A minha filha de 7 anos contou-me que um dia, umas meninas na escola gozaram com os sapatos dela, porque estavam velhos e gastos.

Ontem, contou-me que, enquanto varria do chão da escola algo que tinha sujado, um menino passou e riu-se dela enquanto a chamava de varredora (isto é mesmo um insulto?!!!)

Um dia, no aniversário de um amiguinho, a Lara, que na altura tinha 5 anos, estava a rir-se de outra menina, porque era mais gordinha.

Foram excelentes oportunidades de ensinar à minha filha alguma coisa sobre o respeito e a tolerância em relação aos outros.

Nos primeiros dois casos eu disse-lhe que não devia dar ouvidos a conversas idiotas e que, ter sapatos velhos (no caso particular dela) era sinónimo de uma infância feliz e um estilo de vida sustentável e minimalista, e varrer o chão era sinónimo de dignidade, responsabilidade e consciência. Disse-lhe, também, que talvez os meninos que gozaram com ela não tenham pais muito disponíveis para lhes explicarem as coisas ou que deviam estar muito tristes, porque pessoas felizes não chateiam ninguém (não me julguem, não sou perfeita!).

No terceiro caso, expliquei-lhe porque é que ela não quer estar na parte dos "idiotas" (desculpem-me novamente a falta de tato, não sou mesmo nada perfeita). Expliquei-lhe, como o faço muitas vezes quando chateia os irmãos, que a nossa tristeza não nos dá direito a causar sofrimento aos outros.

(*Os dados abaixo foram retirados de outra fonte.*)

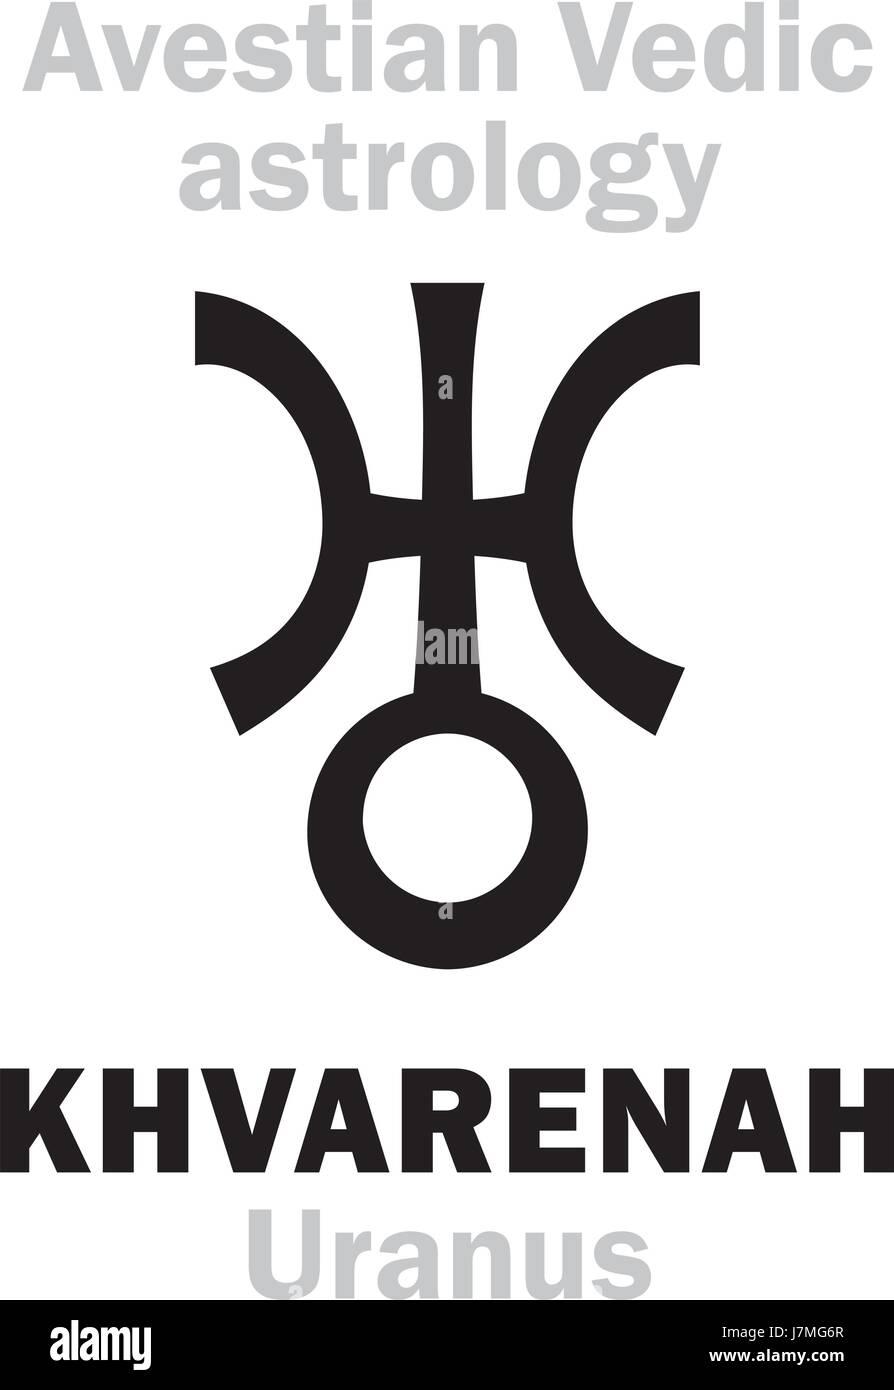 Astrology alphabet khvarenah pharn uranus avestian vedic astrology alphabet khvarenah pharn uranus avestian vedic planet hieroglyphics character sign single symbol buycottarizona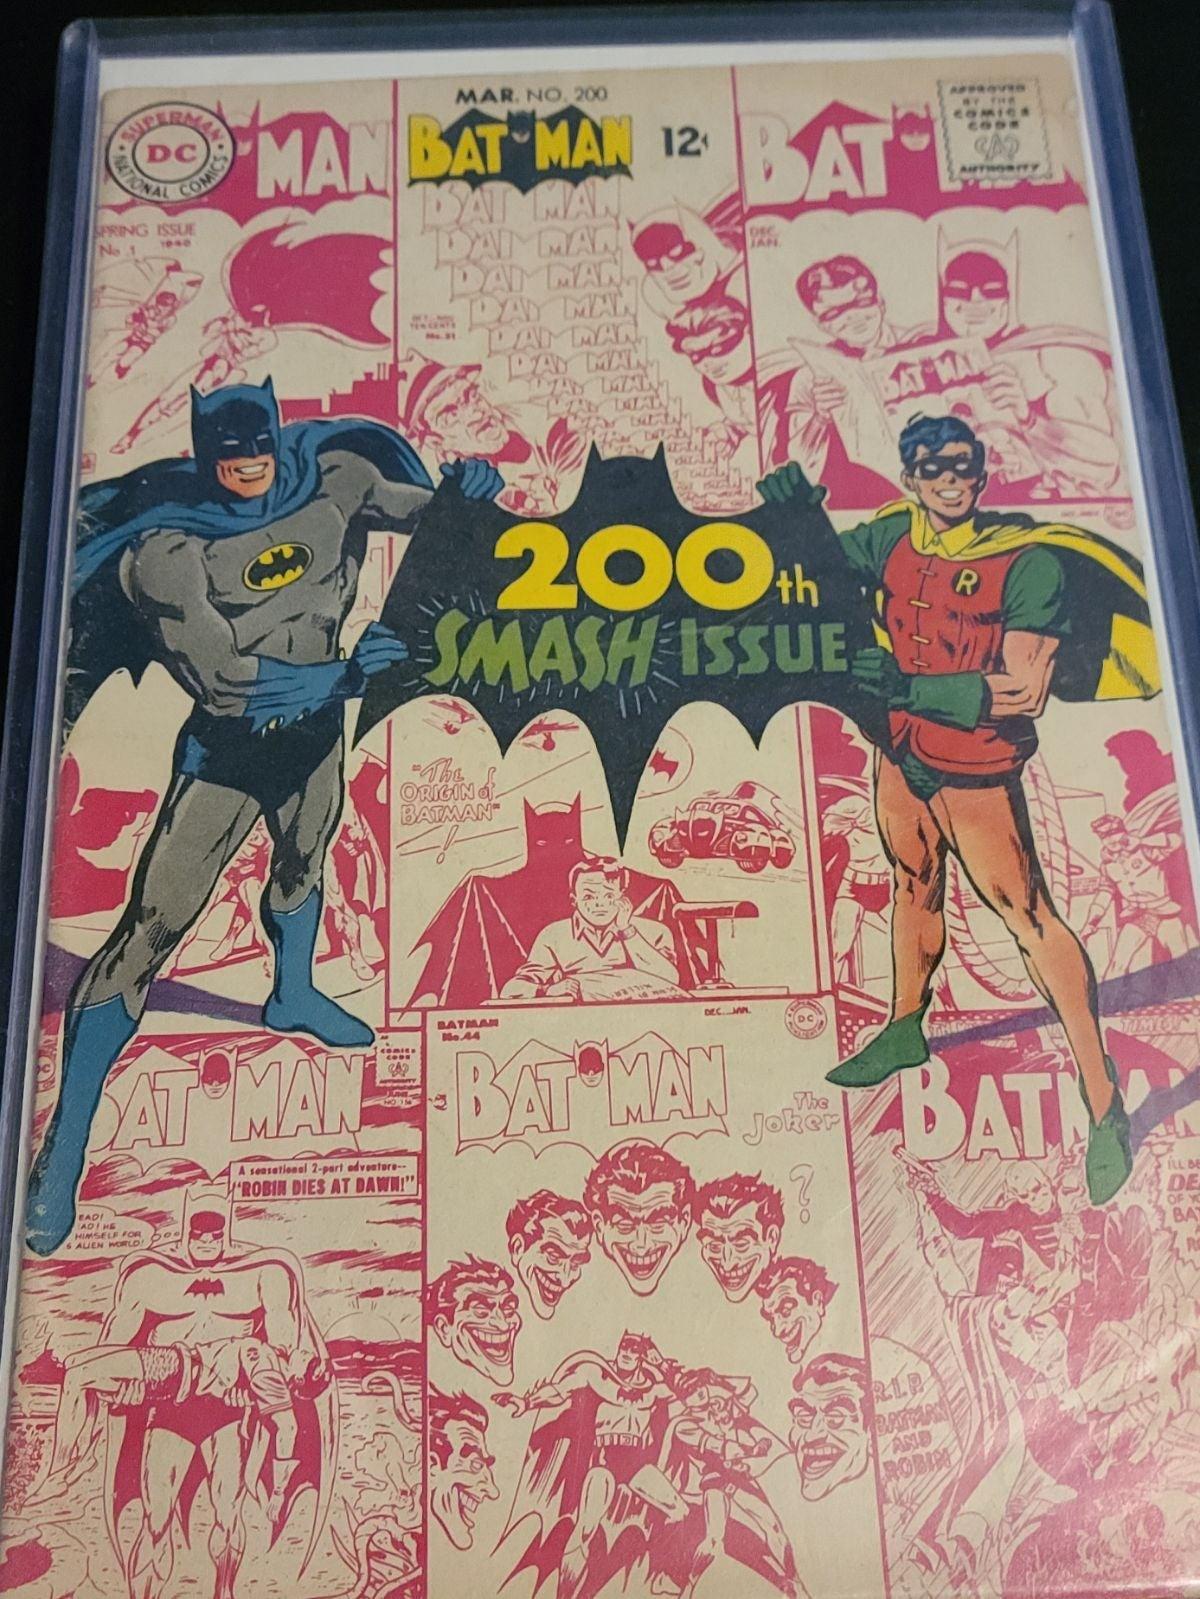 Batman issue #200 SMASH! Edition

Na minha infância, passei muitos intervalos escondida na casa de banho, com medo dos outros meninos. Durante muito tempo, sentia-me aterrorizada sempre que caminhava pela escola. Sentia-me um alvo. Nunca me espancaram, mas levei alguns estalos e fui gozada muitas vezes: pela minha roupa, pelo meu jeito assustado, por ser mais pequenina, mais magra, por vestir rosa com vermelho, mas sobretudo porque era permitido que isso acontecesse. Professores e auxiliares nada faziam. Se alguma vez fui defendida por alguém, foi por outros miúdos, mais velhos, quando assistiam a algo.

O que vos posso dizer é que não sentia grande afeto pelas pessoas. Em geral. E tinha apenas 10 anos.

Na altura não existia Net, não existiam Redes Sociais, não existia tanta informação perturbadora disponível. Existiam livros na biblioteca e eles salvaram a minha sanidade mental. Tive sorte.

Por isso e não desculpando a opção violenta, tentemos não julgar demasiado rápido, como se alguém nascesse bom ou mau e a sociedade nada tivesse a dizer sobre o ambiente que cria para as nossas crianças e  jovens.

Sejamos honestos. Somos demasiado permissivos com idiotices. Somos, ainda hoje, em adultos, em ambiente laboral, nas lojas, nas ruas, no trânsito, nas festas e até nas famílias, demasiado permissivos com todo o tipo de abuso emocional provocado sobre os "diferentes", os "mais fracos", os "esquisitos".

Somos absurdamente tolerantes com idiotas que passam a vida a meter-se na vida dos outros, tecendo comentários pessoais, despropositados e ofensivos em público, humilhando gratuitamente alguém a troco de nada e nada tolerantes com coisas que não nos dizem respeito nenhum: como a roupa que cada um veste, os seus hábitos ou as suas opções pessoais.

Tornemos o mundo um local um pouco mais agradável para estar, cuidemos, desde cedo, da saúde mental das nossas crianças, e talvez passe a existir menos ódio nas mentes de pessoas tão jovens.